Coke begins his exegesis of the phrase “but by the law of the land” as follows:

"For the true sense and exposition of these words, see the Statute of 37. E.3.cap.8, where the words, by the law of the Land, are rendered, without due process of Law....” Id. at 50.

A few pages later, still on the same subject, Coke remarks that “if any man by colour of any authority, where he hath not any in that particular case, arrest, or imprison any man, or cause him to be arrested, or imprisoned, this is against this Act, and it is most hatefull, when it is done by countenance of Justice.” Id. at 54.

Coke’s Institutes were a staple of 18th Century legal learning, of course, and it is far from unreasonable to suppose that the Fifth Amendment’s prohibition against deprivation of liberty "without due process of law” was intended to be broad enough to cover the “hatefull” case of the man who, acting by color of an authority he does not possess, causes another to be arrested or imprisoned wrongfully.
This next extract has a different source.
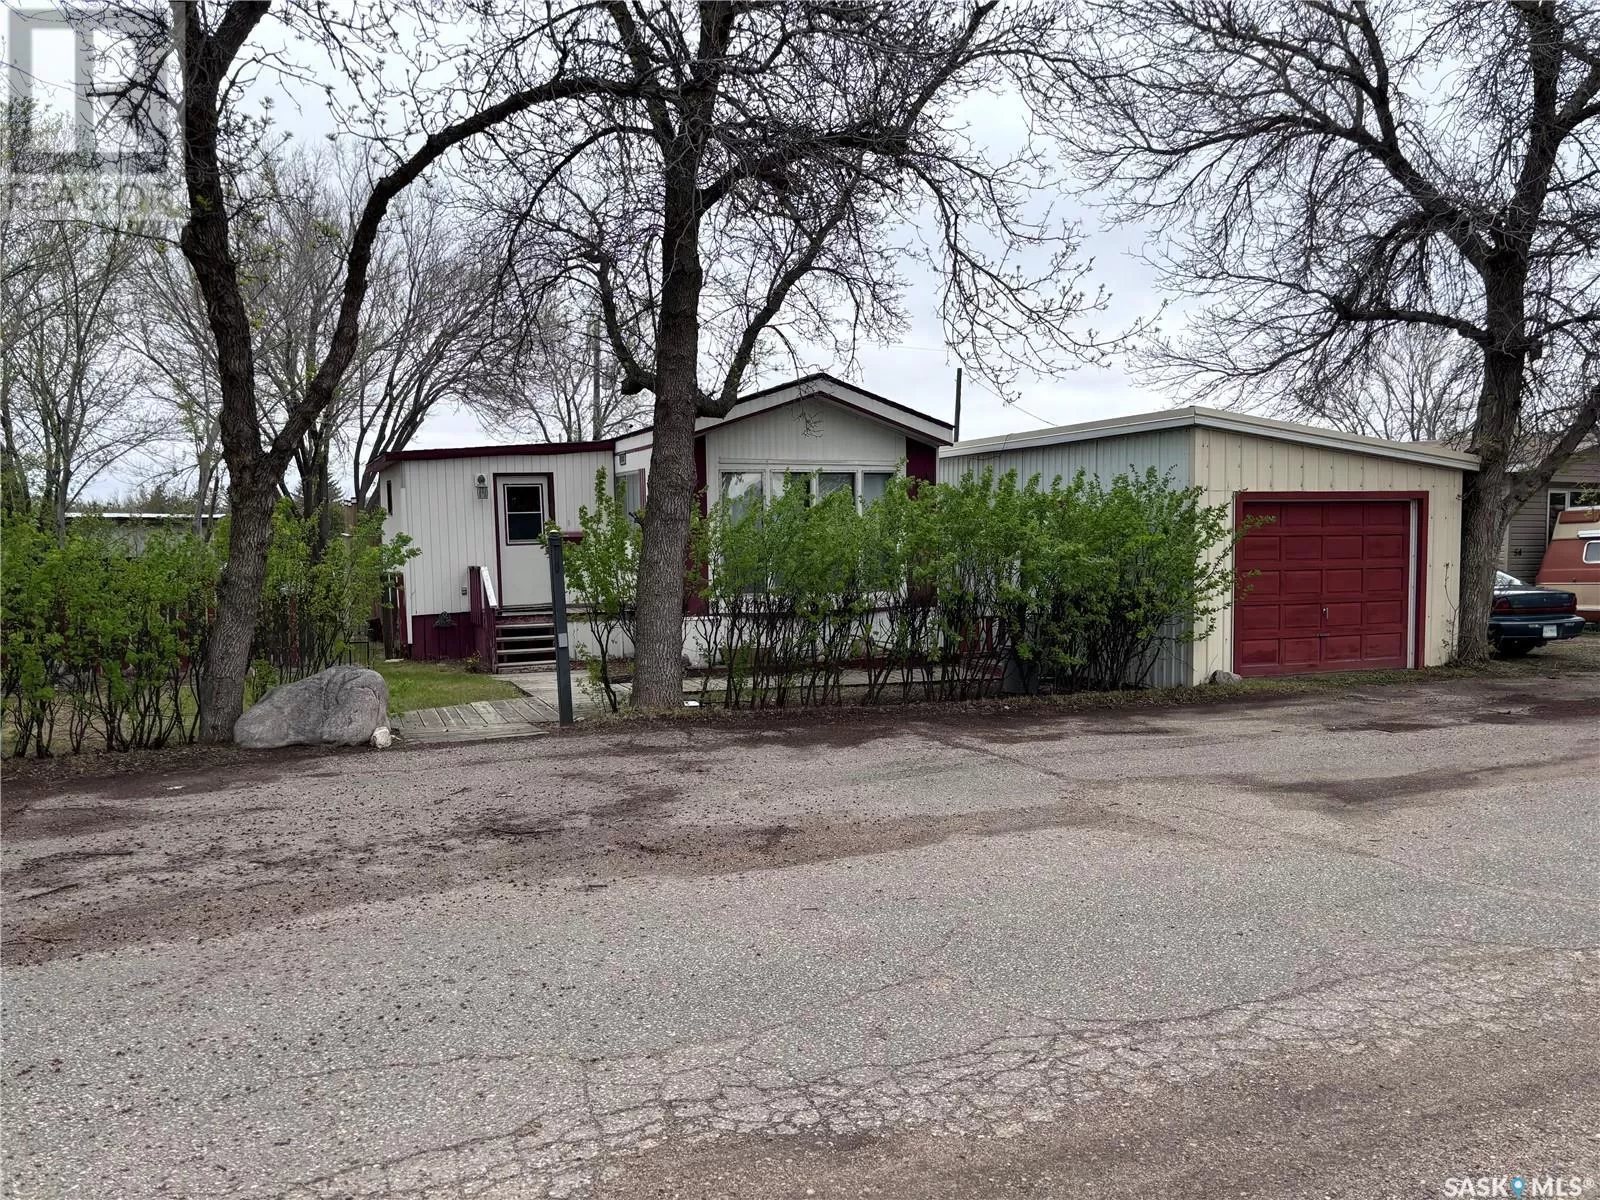 Mobile Home for rent: Ponderosa Trailer Court, Swift Current, Saskatchewan S9H 3X6
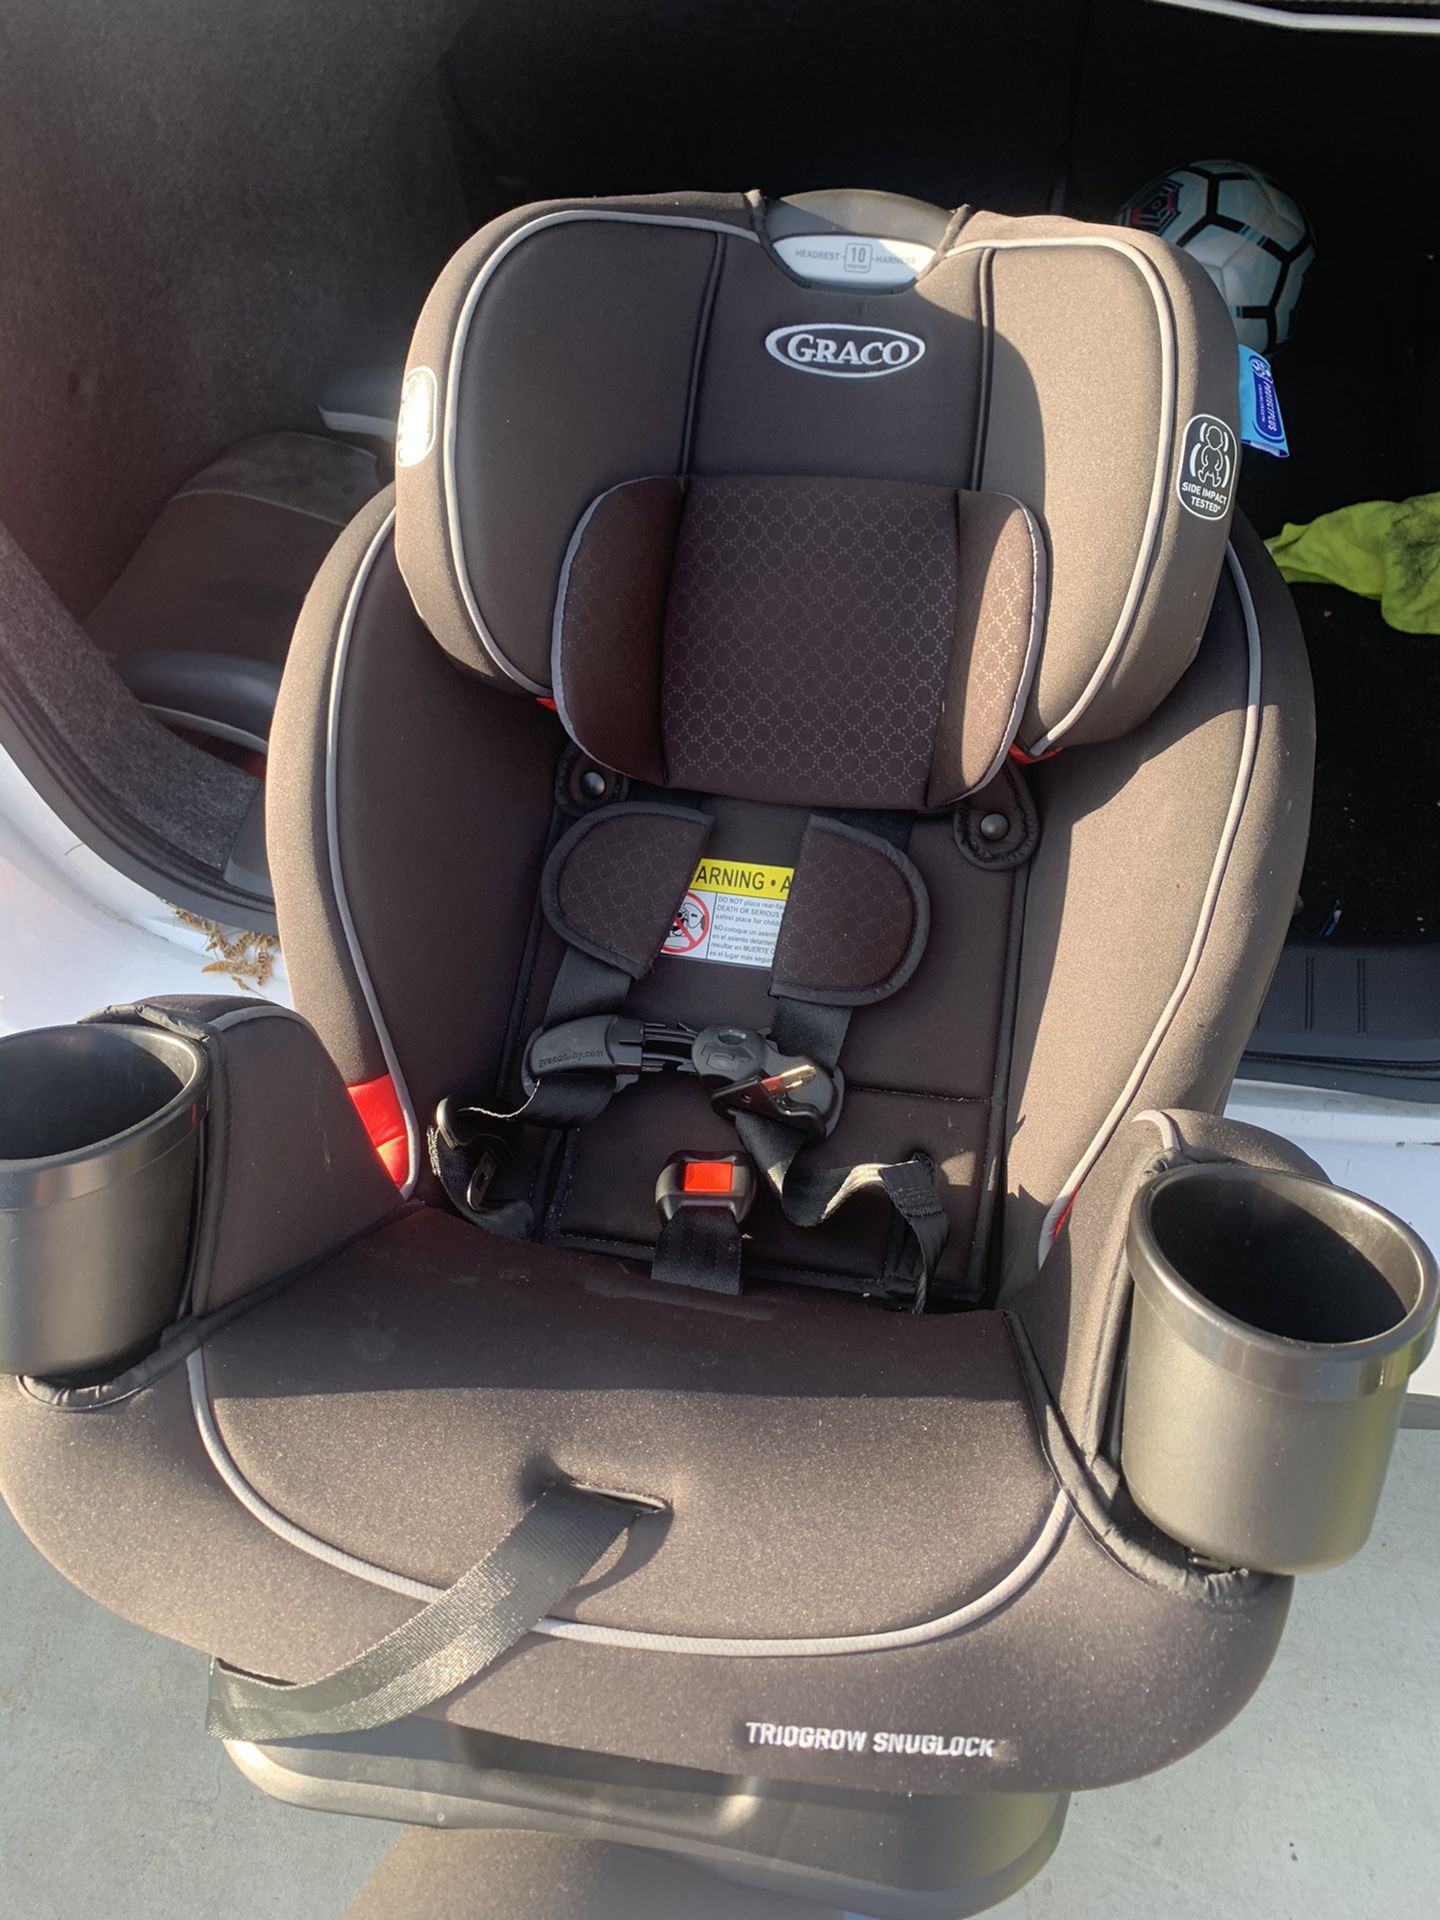 Graco car seat brand new

Our forebears might well have had difficulty with the concept that it is possible for a person to be wrongfully deprived of liberty after his liberty has already been taken away by lawful imprisonment, but that difficulty need not concern us; the Supreme Court has made it clear that some prisoners, at least, retain a measure of liberty that the Constitution protects even after the prison gates have clanged shut on them.